3. Conditions to Closing. The obligation of Company to issue the
Company Shares to Parent hereunder is subject to the conditions that (i) all
waiting periods, if any, under the Xxxx-Xxxxx-Xxxxxx Antitrust Improvements Act
of 1976, as amended, and the rules and regulations promulgated thereunder ("HSR
Act"), applicable to the issuance of the Company Shares hereunder shall have
expired or have been terminated; (ii) all consents, approvals, orders or
authorizations of, or registrations, declarations or filings with, any Federal,
state or local administrative agency or commission or other Federal, state or
local governmental authority or instrumentality, if any, required in connection
with the issuance of the Company Shares hereunder shall have been obtained or
made, as the case may be; and (iii) no preliminary or permanent injunction or
other order by any court of competent jurisdiction prohibiting or otherwise
restraining such issuance shall be in effect.
4. Closing.
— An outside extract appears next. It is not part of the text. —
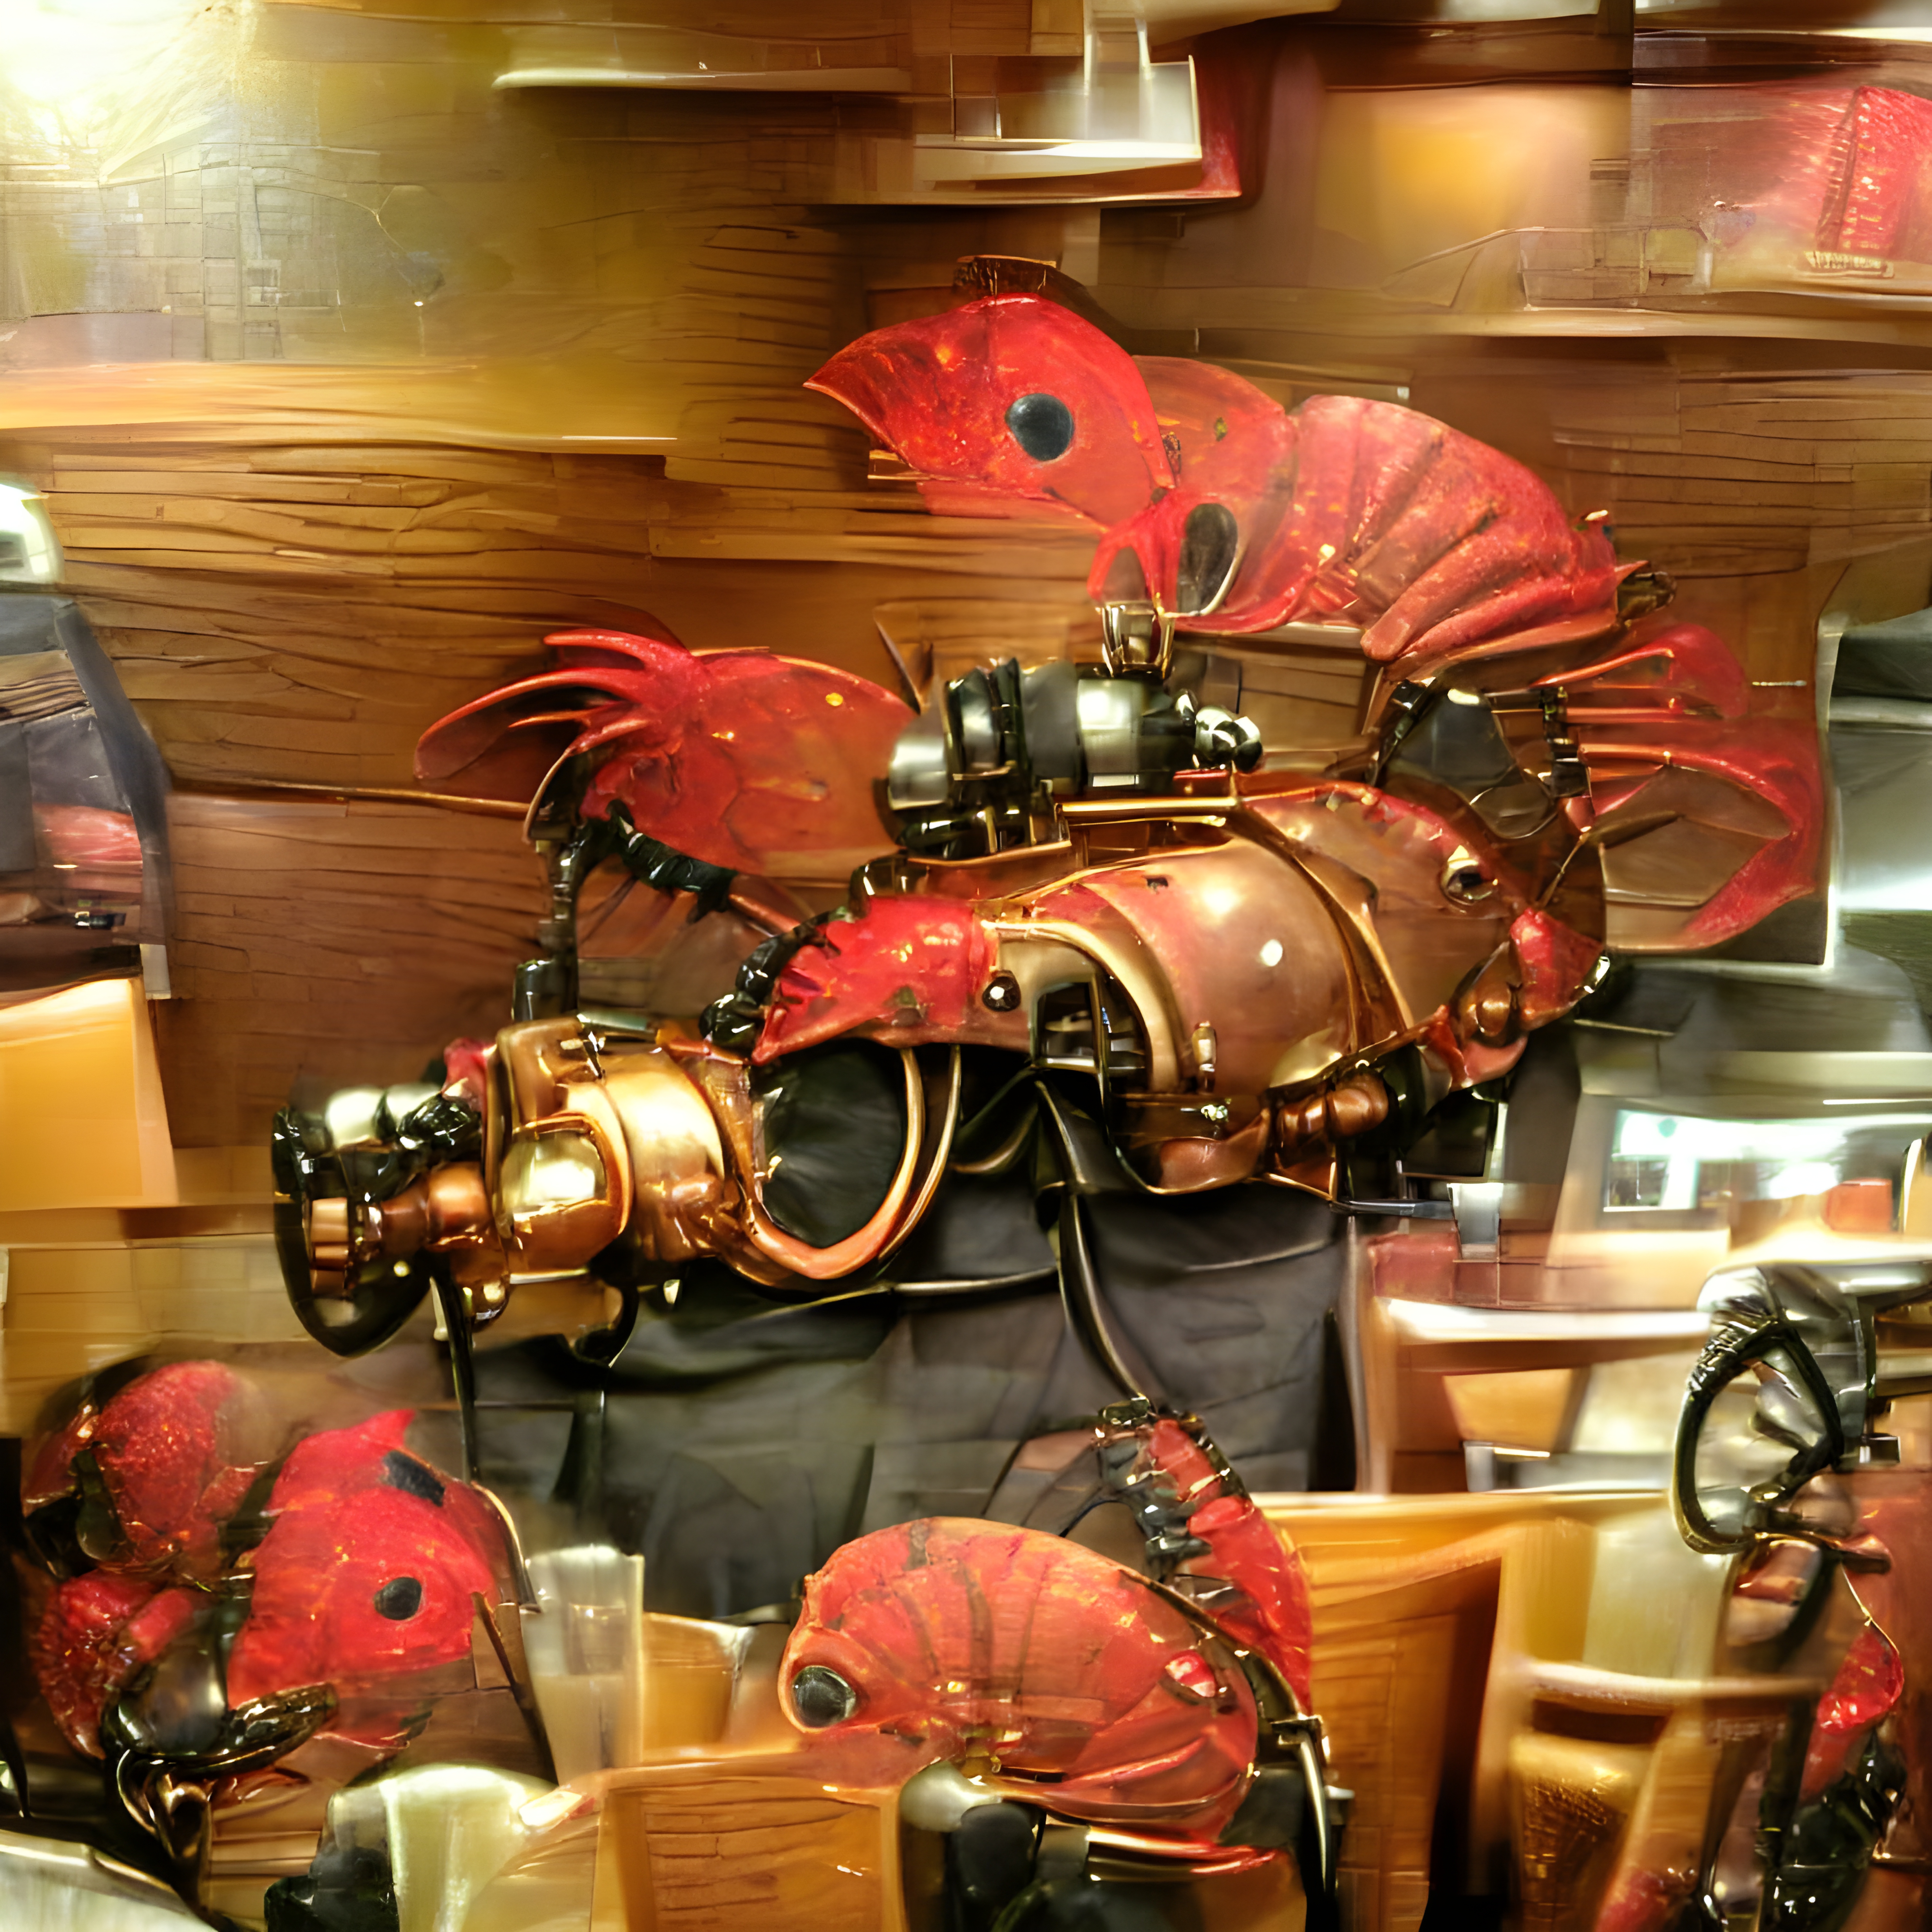 The Magnetic Lobster

At any Closing, (a) Company will deliver to Parent a
single certificate in definitive form representing the number of Company Shares
designated by Parent in its Exercise Notice, such certificate to be registered
in the name of Parent and to bear the legend set forth in Section 10, and (b)
Parent will deliver to Company the aggregate price for the Company Shares so
designated and being purchased by wire transfer of immediately available funds
or certified check or bank check. At any Closing at which Parent is exercising
the Company Option in part, Parent shall present and surrender this Agreement to
Company, and Company shall deliver to Parent an executed new agreement with the
same terms as this Agreement evidencing the right to purchase the balance of the
shares of Company Common Stock purchasable hereunder.
5. Representations and Warranties of Company. Company represents
and warrants to Parent that (a) Company is a corporation duly organized, validly
existing and in good standing under the laws of the State of Delaware and has
the corporate power and authority to enter into this Agreement and to carry out
its obligations hereunder; (b) the execution and delivery of this Agreement by
Company and the consummation by Company of the transactions contemplated hereby
have been duly authorized by all necessary corporate action on the part of
Company and no other corporate proceedings on the part of Company are necessary
to authorize this Agreement or any of the transactions contemplated hereby; (c)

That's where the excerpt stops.